Türkiye gibi gelişmekte olan ülkelerde ekonomik dengeler bir
türlü kurulamıyor. Bu nedenle de yatırımcılar, öz sermaye fonlarını, para birimlerini veya mülklerini doğru yönetilmesi
için doğru fon yöneticisi
arayışına giriyor.
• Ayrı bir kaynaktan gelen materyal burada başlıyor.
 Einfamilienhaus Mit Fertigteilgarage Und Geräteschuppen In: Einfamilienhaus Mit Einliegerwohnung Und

Seçilen fon yöneticisi de özel firmaları veya kurumsal müşterilerine
doğru alanlarda doğru yatırım yaptırarak kazanım sağlamaları için çalışıyor.
Böylece yatırım ortaklıkları, hisse senetti tahvilleri satın alma ve satma da dâhil
olmak üzere finansal danışmanlık başlıyor.
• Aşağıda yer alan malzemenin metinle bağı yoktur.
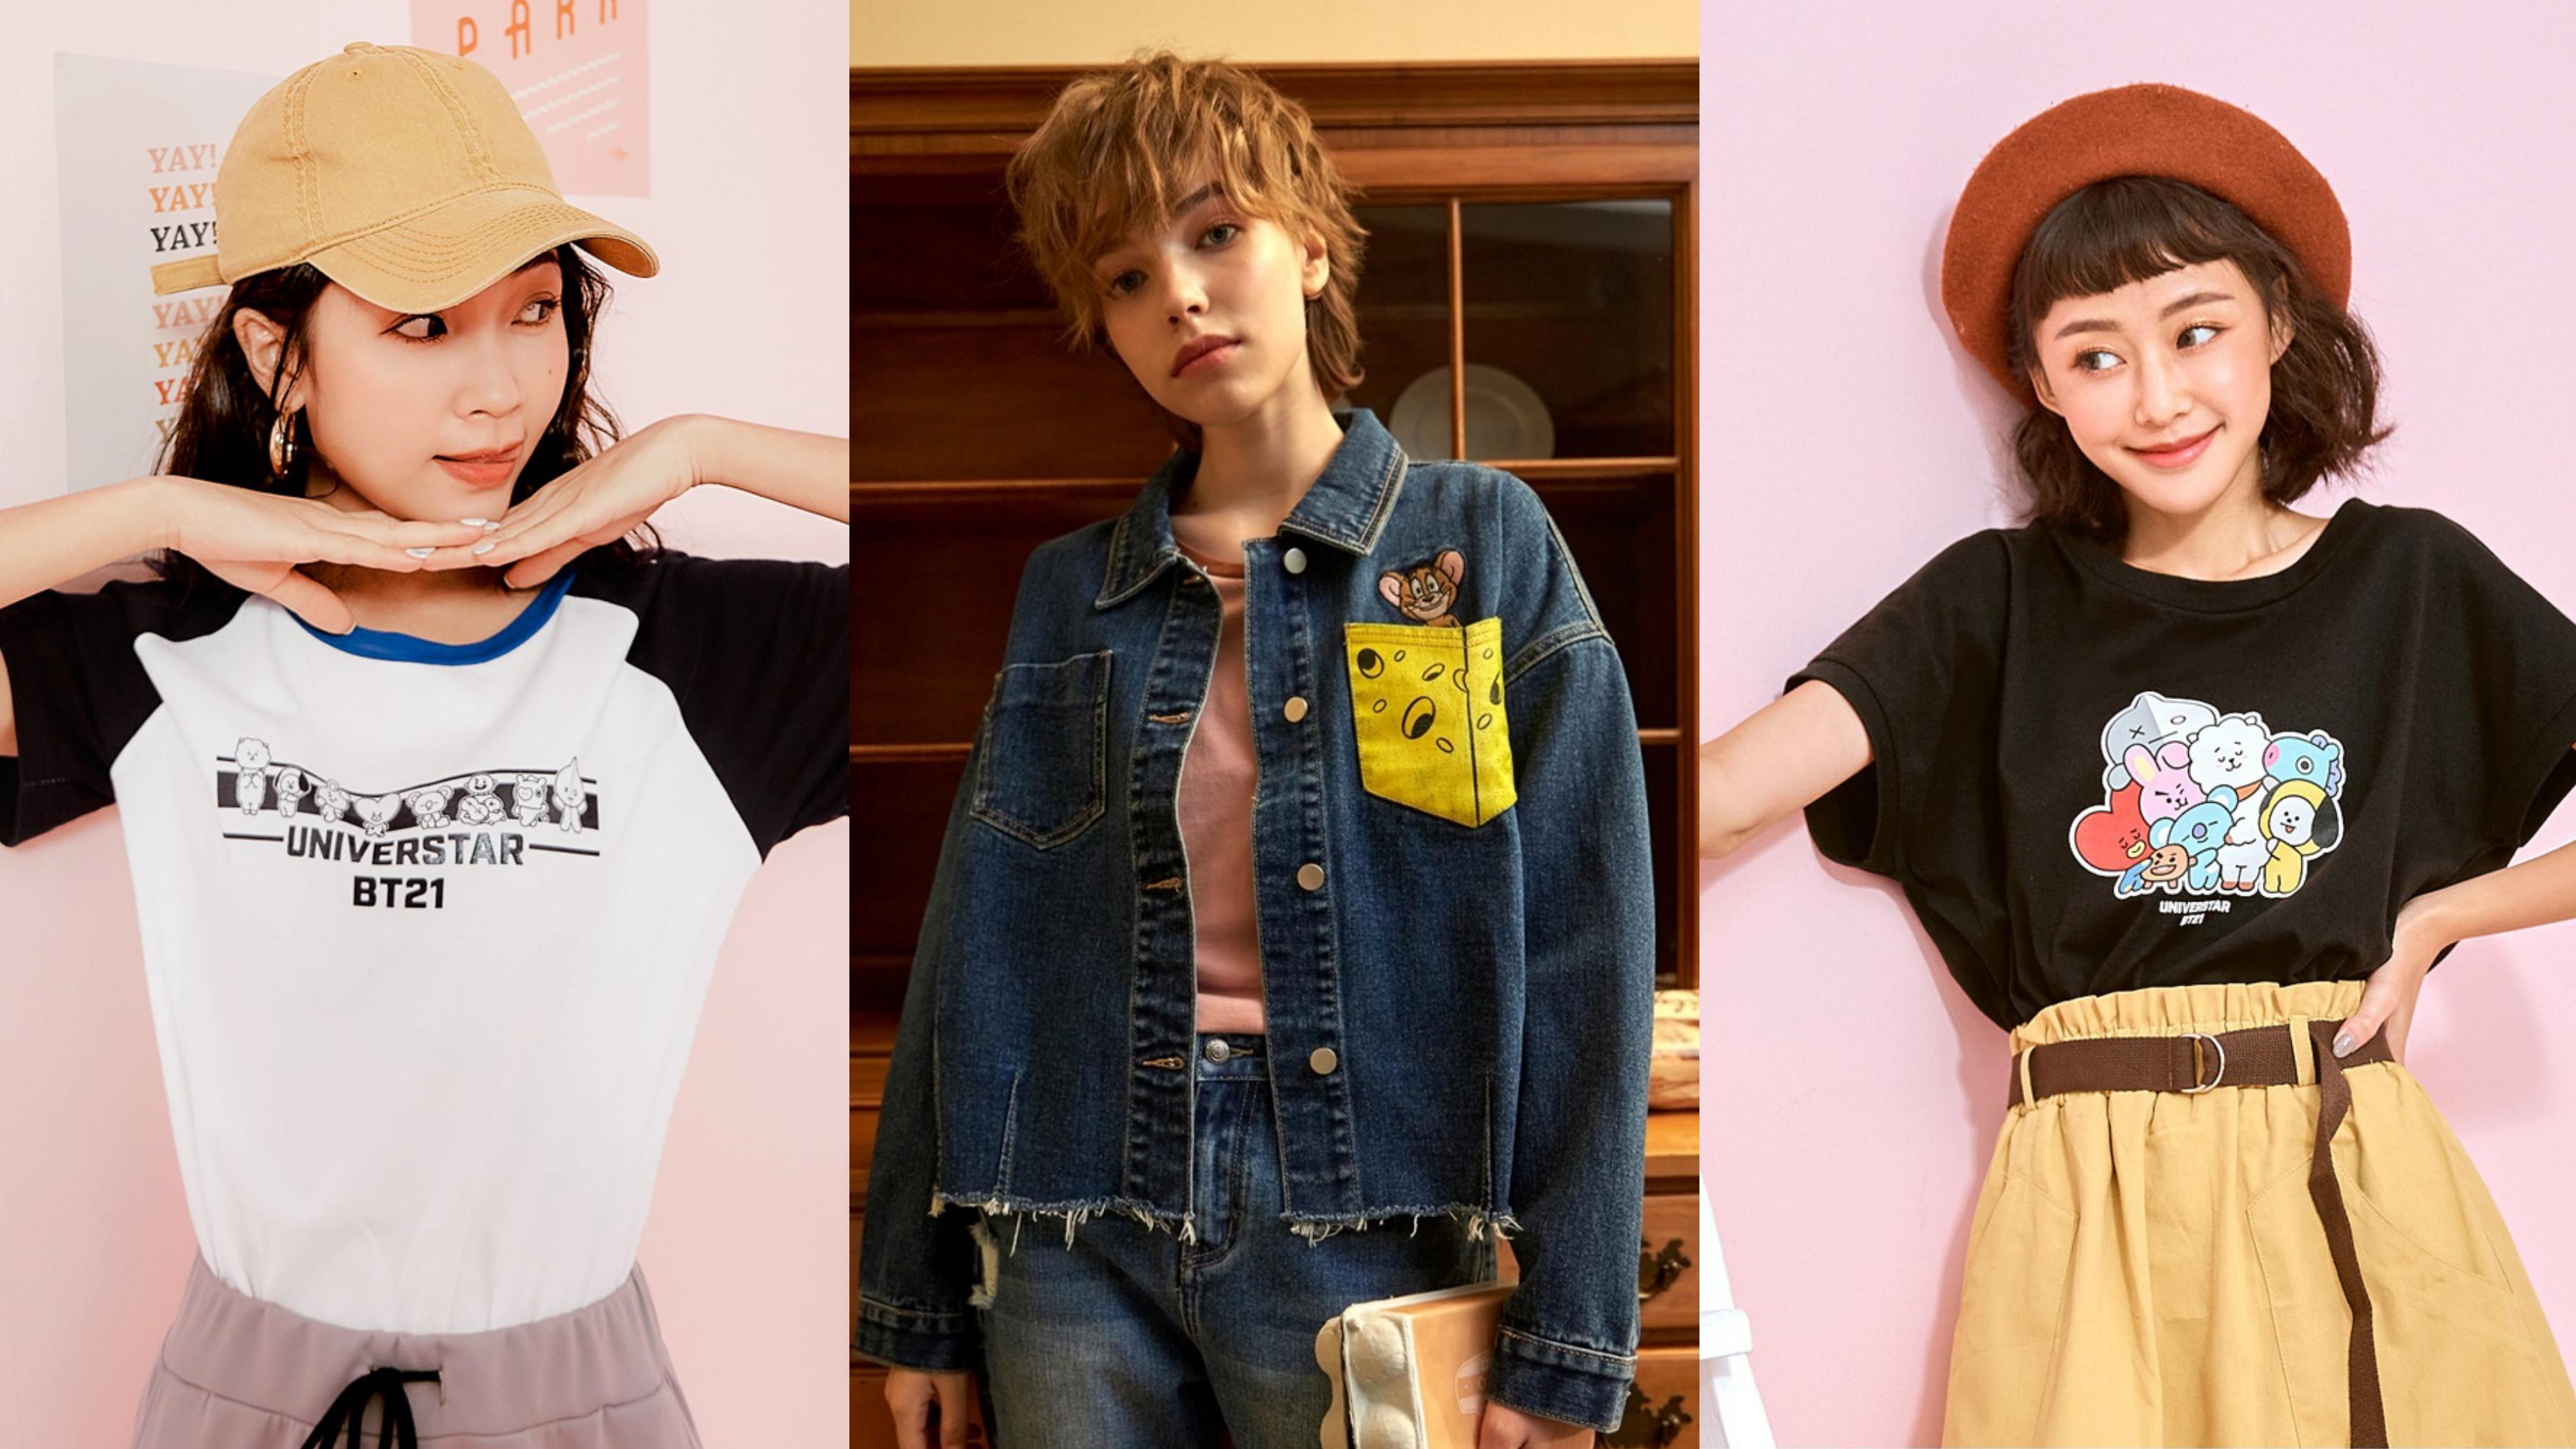 粉紅泡泡少女心大噴發、療癒系的卡通聯名服飾系列!

Diğer yandan Türkiye cari açığı yüksek olması nedeniyle yurt
dışında fon akışına ihtiyaç duyuyor, tabi bu fon akışının kısa vadeli değil, uzun
vadeli doğrudan sermaye yatırımları ile gerçekleşmesi önemli. Ancak günümüzde
dünya ekonomisini oluşturan dinamikleri bir bütün olarak ele aldığımız için
yaşanan küresel kriz ortamının yabancı sermaye ilgisini azaltması riski var.
Öte yandan bu akışın sürmesi reel faizlerde yüksek faiz baskısını da
beraberinde getiriyor ki bu durum ulusal sanayinin gelişmesi açısından bir
tezat oluşturuyor.
Bu bağlamda finans sektörünün başarılı isimlerinden Seda
Birdal yıllar öncesinde yaptığımız bir söyleşide, portföy yöneticisinin ana
hedefini ; “portföy yönetiminde ana hedef doğal olarak müşteriye ortalama
piyasa göstergelerinin üzerinde bir kazanç sağlamaktır. Yatırımcılara
alternatif yatırım enstrümanlarına göre daha yüksek bir kar sunulması
hedeflenir. Portföy yöneticiliği faaliyetinde bulunmak için Kanunda ve SPK Seri
5 No: 59 Tebliğde belirlenen şartları yerine getirerek, kuruldan yetki belgesi
almak gerekir. Portföy yöneticiliği faaliyeti, portföy yönetimi şirketinin yanı
sıra Kuruldan yetki belgesi alması koşuluyla aracı kurum ve mevduat kabul
etmeyen bankalar tarafından da yürütülebilir.” sözleriyle,
Portföyün başarılı yönetildiğinin
tespitini ; “Portföy Yönetimine başlanırken müşterinin risk tercihleri
öğrenilir, örneğin değişen piyasalarda yatırımcılar zaman zaman
portföylerindeki yatırım enstrümanlarının oranında değişiklik isteyebilirler, ekonomilerin
büyüdüğü, hisse senetlerinin yükseldiği piyasalarda, portföylerdeki hisse
oranlarında artış yapılabilir. Ancak kriz ortamlarında hisse senedi
piyasalarının risk taşıdığı dikkate alınarak oranlarda azalmaya gidilebilir. Böyle
dönemlerde nispeten sabit getirili yatırım araçlarının ağırlıkta olduğu
portföyler tercih edilebilir. Ancak burada da portföyün içerdiği enstrümanların
oranlarının belirlenmesinde müşteri tercihleri ön planda tutulmalıdır. Doğal
olarak başarının tespit edilmesinde, bazı benchmarklar karşılaştırma görevi
görür” anlatımıyla,
Portföy yöneticisi ile çalışmanın avantajlarını ise; “Finans
Piyasaları özellikle günümüzde son derece değişken bir yapıya sahip,
dolayısıyla sürekli piyasaları takip edemeyen, yeterli bilgiye sahip olmayan
yatırımcılar için portföy yönetimi uygun olabilir, tabi portföy yönetimi
sırasında müşterinin tam bilgilendirilmesi esastır.” sözleriyle dile
getirmişti.Bu yazı ışığında günümüze baktığımızda görüyoruz ki dünden bugüne değişen hiç bir şey yok.